* _To do_: Give again, exactly and only, the lines running from the one with "Funny Mental Health" to the end of the material below; leave out pictures.

··· Exercise data ···

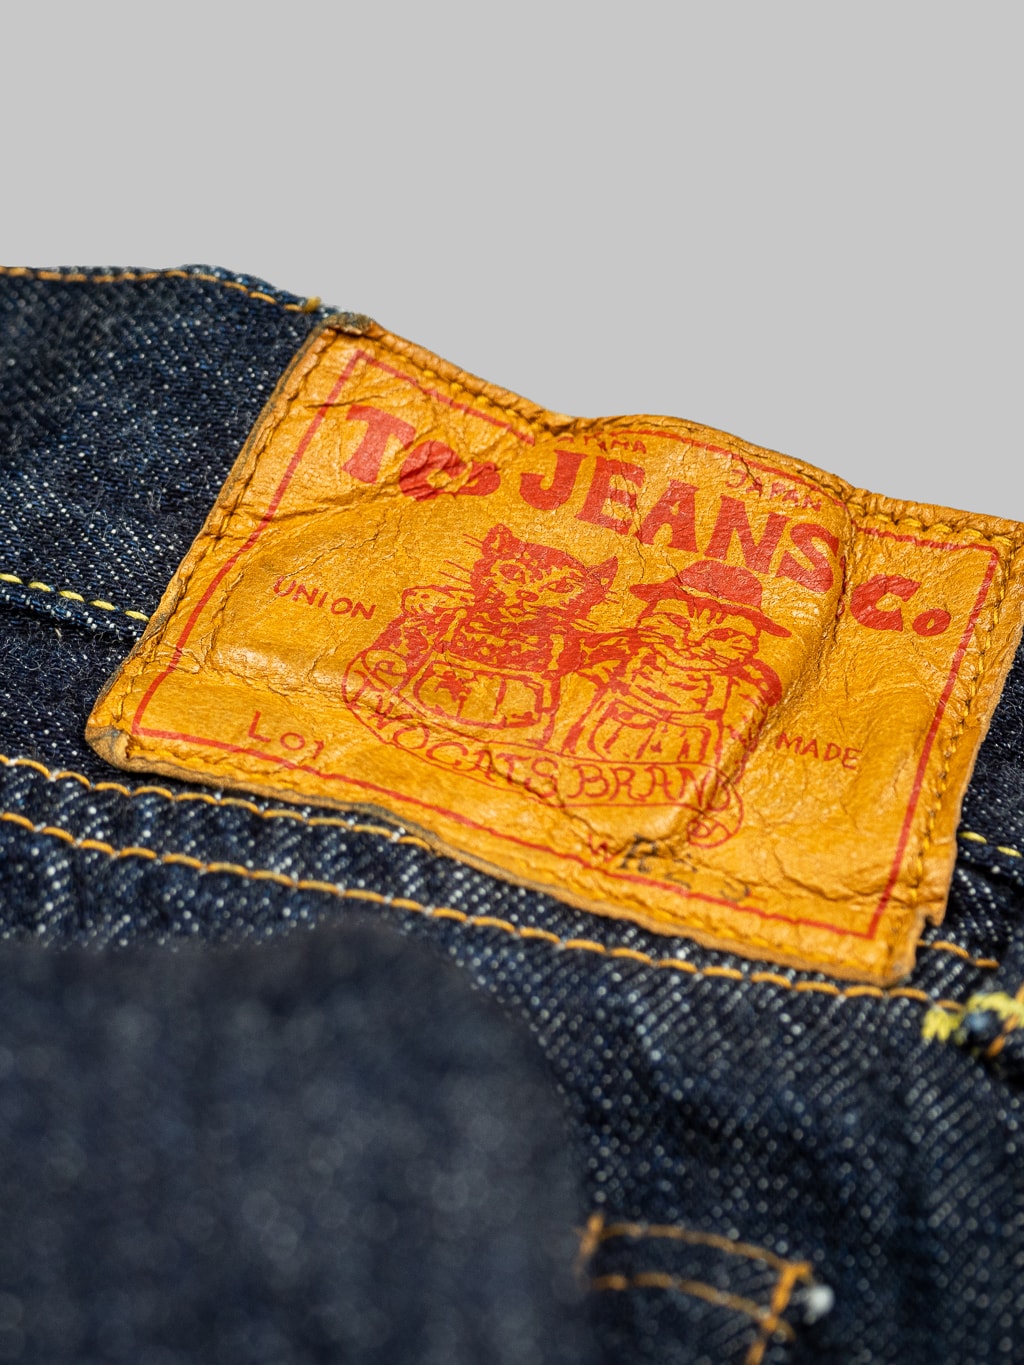 TCB 50s Slim R Jeans leather patch
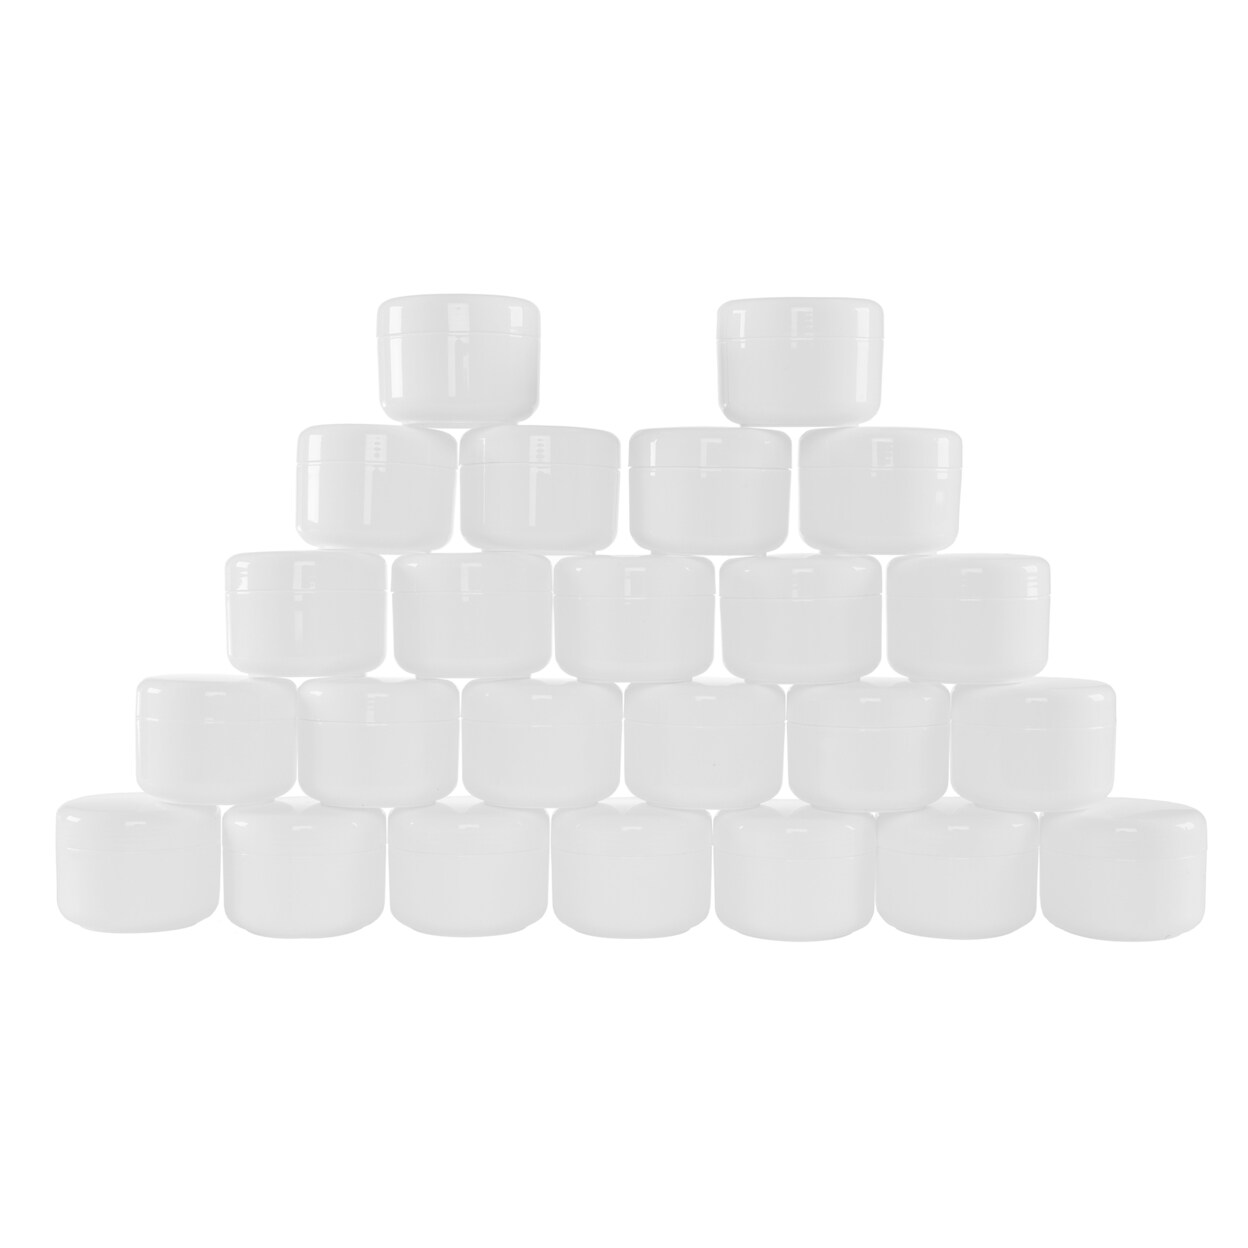 Stalwart White 4 Ounce Plastic Jar Containers 24 Pack of Storage Jars Inner and Outer Lid By  - For Travel Cosmetic Liquid
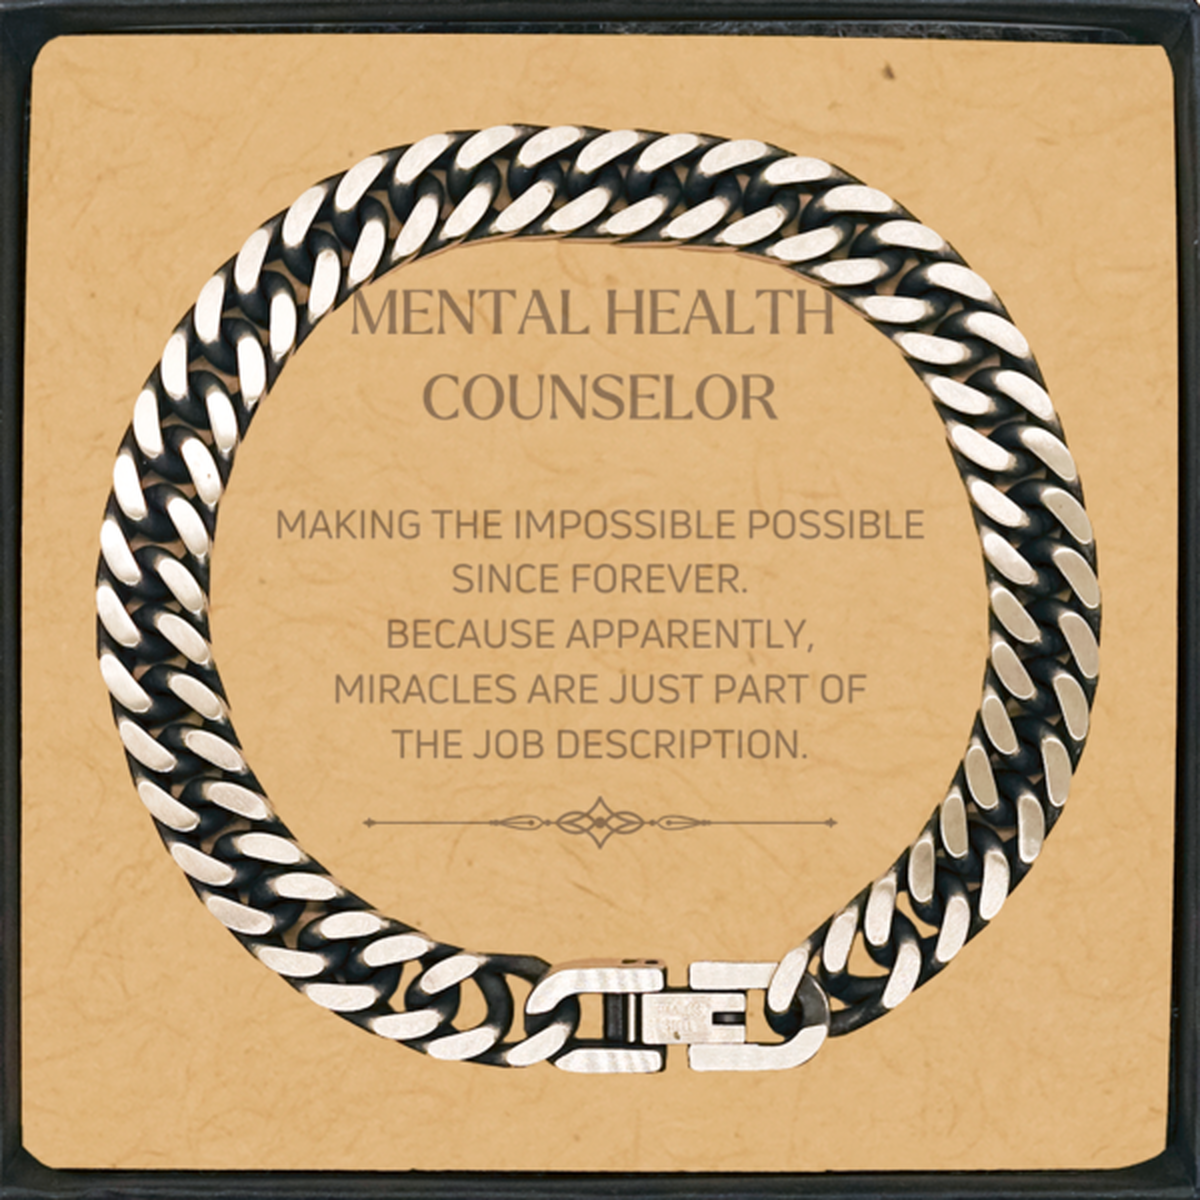 Funny Mental Health Counselor Gifts, Miracles are just part of the job description, Inspirational Birthday Cuban Link Chain Bracelet For Mental Health Counselor, Men, Women, Coworkers, Friends, Boss
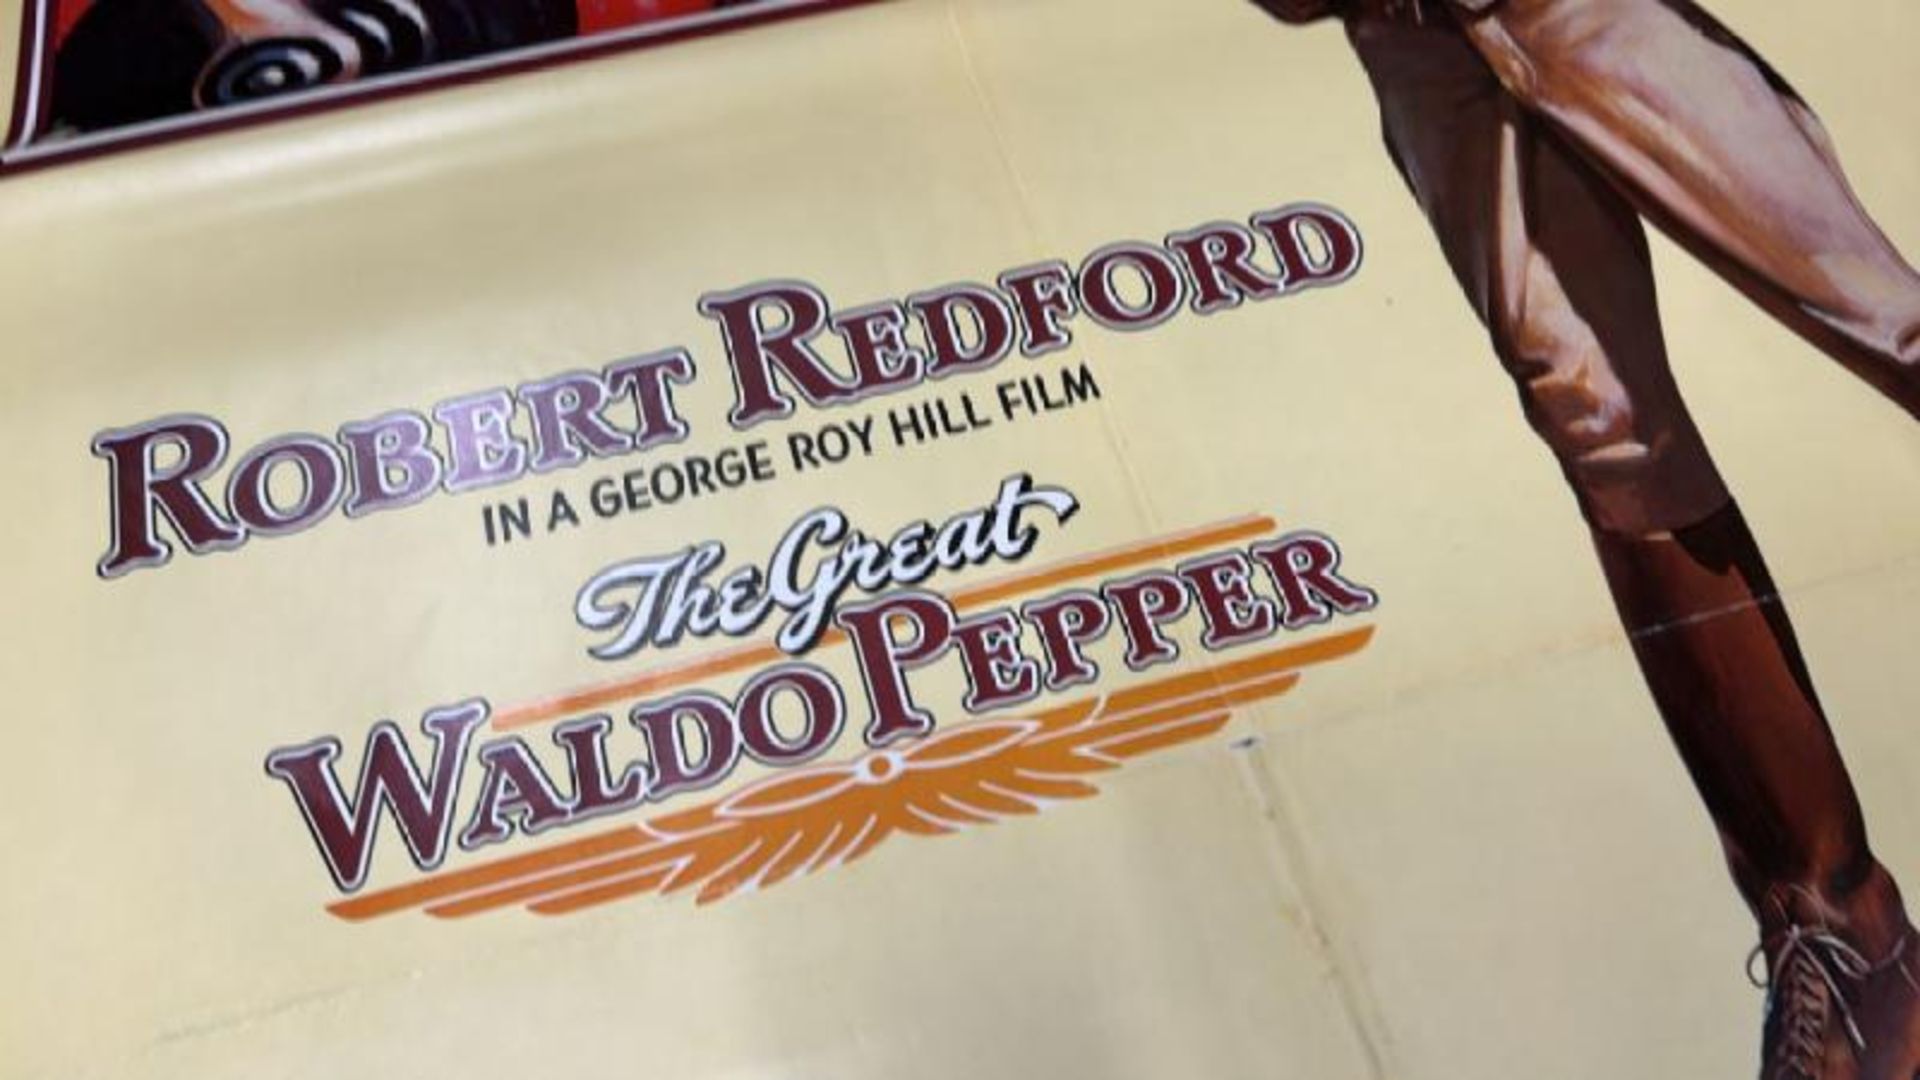 THE GREAT VALDO PEPPER, THE SECOND GREATEST FLYER IN THE WORLD STARRING ROBERT REDFORD, ORIGINAL - Image 3 of 4

···

* _Answer for the task_:
 Funny Mental Health Counselor Gifts, Miracles are just part of the job description, Inspirational Birthday Cuban Link Chain Bracelet For Mental Health Counselor, Men, Women, Coworkers, Friends, Boss
 THE GREAT VALDO PEPPER, THE SECOND GREATEST FLYER IN THE WORLD STARRING ROBERT REDFORD, ORIGINAL - Image 3 of 4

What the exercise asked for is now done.